One of the ways I sometimes soothe myself a little when I'm having a bad week is promising myself that as soon as I can find time to make the (hour's round-trip) drive to the nearest bookstore, I'll go. Even if I just browse without buying anything (though that is rare). Or I'll tell myself I can order something from Amazon - last spring I went for that Prime shipping, and it's been worth it to me - being able to get an in-stock book in 2 days (sometimes it's only one!) is wonderful.

Every evening ends for me with my reading a bit before bed. If I have a meeting that runs late or I have to be out somewhere and get home and it's so late I go to bed without reading, I don't sleep as well.

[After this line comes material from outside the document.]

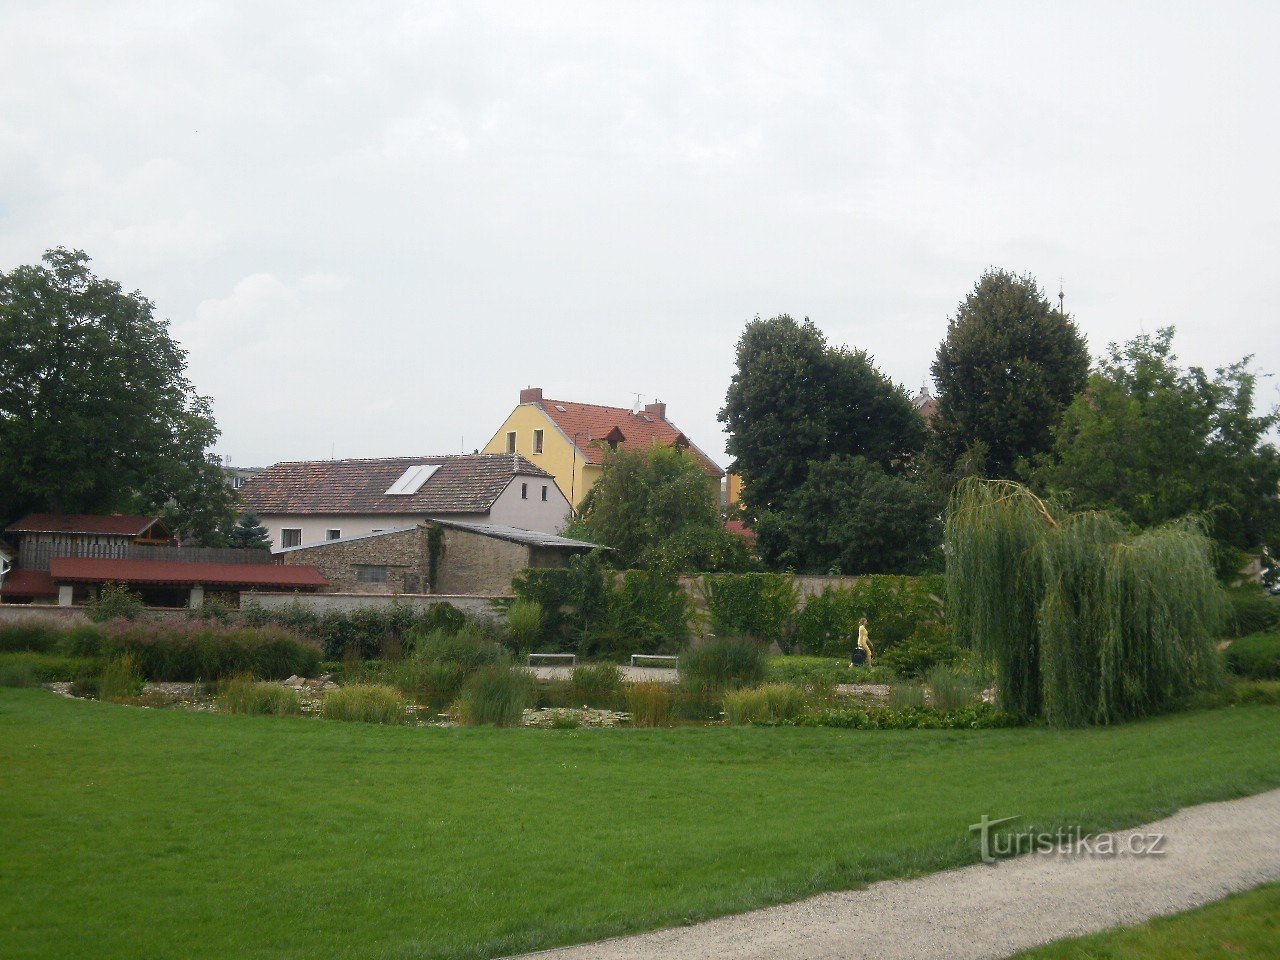 Litoměřice ist eine Stadt am Zusammenfluss von Elbe und Eger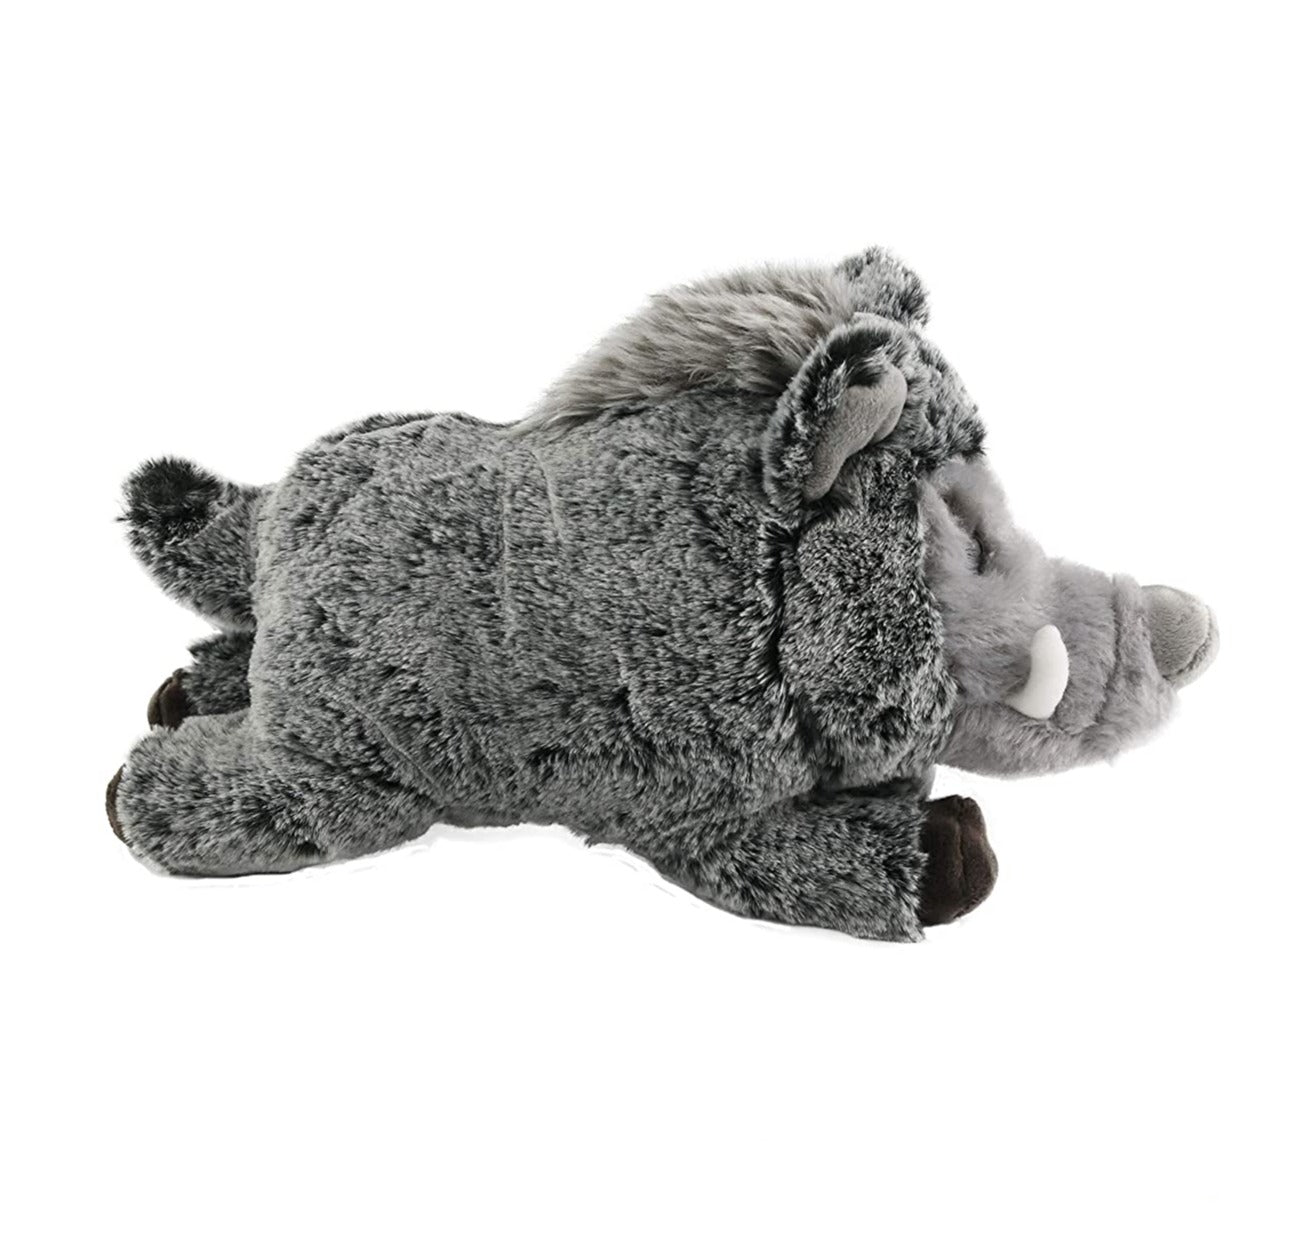 Wild Boar Pig Soft Stuffed Plush Toy

I always travel with books, even if it's just a day-trip somewhere (you never know - you never know when your car might break down. Or when the bridge you have to cross to get back home might collapse. Or something might happen that traps you away from home, and if you don't have a book, you have nothing to DO). I take several books when I travel for longer than overnight. It is partly a "security blanket" thing and I openly admit that - for me, books are totems of home. Home and comfort. They are also an escape. I often travel with at least one scholarly book, because if I wind up sitting next to some kind of strongly opinionated chatterbox (the worst kind) or boor, I can pull it out, smile apologetically, and make some kind of half-truth about "having" to read the book for my career. And in waiting rooms, in concourses waiting for meetings to begin, anywhere - a book is a good way of closing yourself off from the world if you don't want to interact just then. (I'm really not that antisocial or unfriendly; it's just that I get overwhelmed easily in crowds, and the book becomes an item of defense. A way of protecting my brain from the "too much" out there, but also a way of sending a signal, "Hey! Friendly person who wants to talk to me about what Obama can do for me! Not now! Thank you."

They are probably my favorite object of everything around me.

2 comments:

WordGirl said...

Okay, random. But relevant.

Hubster has the new Amazon Kindle reader. I got it for him for his birthday. He LOVES IT. But he's a tech wonk who read 226 books last year. (No kidding, he tracks them all on a spreadsheet.) So it was cheaper and WAAAAY more space efficient to just get him the thing.

I, however, cannot get into it. I haven't even touched it. Probably won't. I like the tactility of real, *live* books. I mean... Is there anything better than walking the stacks in one of the top floors of a university library all by yourself? The smell alone is enough to send me. I feel like hugging the shelves. "Oh, friends. I'm so glad to see you... [sigh]"

And we are also Folio Society Members. Gorgeous! Just got all the kids' fairytale books for the as-yet unborn son.
We have more books from the Easton Press though. The selction is larger and their volumes seem to "go" together better in large clumps for our decor purposes.

Mark my words: Books will never be usurped by "readers". They are too well-loved.

Anonymous said...

I don't think the Kindle could ever replace books. I simply can't imagine it. However, for someone, like me, who travels a lot and moves every few years, it would be nice to have some books in a more manageable format. Actually, it would be really cool if one could get all of their textbooks on it, so one wouldn't have to cart around a dozen books all day, every day.